*Task brief*: Exactly as they appear, copy the lines from the start of the entries below to the line containing "San Diego and", both ends included.

* * * * * * *

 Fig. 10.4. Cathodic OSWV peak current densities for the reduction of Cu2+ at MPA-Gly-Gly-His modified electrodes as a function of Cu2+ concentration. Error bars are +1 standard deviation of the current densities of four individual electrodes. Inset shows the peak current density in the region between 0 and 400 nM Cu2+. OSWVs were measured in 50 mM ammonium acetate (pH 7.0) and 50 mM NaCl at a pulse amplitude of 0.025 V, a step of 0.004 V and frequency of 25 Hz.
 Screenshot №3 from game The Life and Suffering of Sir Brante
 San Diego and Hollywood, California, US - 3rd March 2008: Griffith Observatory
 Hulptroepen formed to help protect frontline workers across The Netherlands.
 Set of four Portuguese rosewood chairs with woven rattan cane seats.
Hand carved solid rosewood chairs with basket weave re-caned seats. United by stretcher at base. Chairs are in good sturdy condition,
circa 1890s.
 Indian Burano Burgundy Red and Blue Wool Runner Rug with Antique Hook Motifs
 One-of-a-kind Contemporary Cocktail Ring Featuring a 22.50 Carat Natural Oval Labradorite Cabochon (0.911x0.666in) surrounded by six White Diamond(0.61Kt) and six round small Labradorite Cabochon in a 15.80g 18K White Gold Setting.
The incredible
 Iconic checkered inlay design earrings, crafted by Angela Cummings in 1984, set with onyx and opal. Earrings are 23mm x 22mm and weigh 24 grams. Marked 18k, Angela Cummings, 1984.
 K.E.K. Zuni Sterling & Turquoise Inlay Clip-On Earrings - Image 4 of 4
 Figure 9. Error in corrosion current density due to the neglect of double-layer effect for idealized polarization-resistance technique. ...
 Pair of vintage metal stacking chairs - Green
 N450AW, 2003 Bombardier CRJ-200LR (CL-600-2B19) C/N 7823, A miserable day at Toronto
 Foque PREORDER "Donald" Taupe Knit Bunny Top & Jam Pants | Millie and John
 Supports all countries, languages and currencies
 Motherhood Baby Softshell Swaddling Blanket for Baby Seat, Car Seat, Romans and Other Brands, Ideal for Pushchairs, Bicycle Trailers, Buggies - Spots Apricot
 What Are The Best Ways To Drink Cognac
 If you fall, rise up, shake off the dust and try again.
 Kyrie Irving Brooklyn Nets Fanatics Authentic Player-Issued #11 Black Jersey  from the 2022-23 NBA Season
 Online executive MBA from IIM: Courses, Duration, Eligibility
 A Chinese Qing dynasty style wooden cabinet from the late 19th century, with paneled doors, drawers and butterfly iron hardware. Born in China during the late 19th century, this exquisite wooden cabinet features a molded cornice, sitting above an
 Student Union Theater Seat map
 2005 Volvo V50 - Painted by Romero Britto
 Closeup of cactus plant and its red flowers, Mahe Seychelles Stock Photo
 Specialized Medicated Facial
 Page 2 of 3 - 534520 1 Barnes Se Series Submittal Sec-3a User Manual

* * * * * * *

*Result*:
 Fig. 10.4. Cathodic OSWV peak current densities for the reduction of Cu2+ at MPA-Gly-Gly-His modified electrodes as a function of Cu2+ concentration. Error bars are +1 standard deviation of the current densities of four individual electrodes. Inset shows the peak current density in the region between 0 and 400 nM Cu2+. OSWVs were measured in 50 mM ammonium acetate (pH 7.0) and 50 mM NaCl at a pulse amplitude of 0.025 V, a step of 0.004 V and frequency of 25 Hz.
 Screenshot №3 from game The Life and Suffering of Sir Brante
 San Diego and Hollywood, California, US - 3rd March 2008: Griffith Observatory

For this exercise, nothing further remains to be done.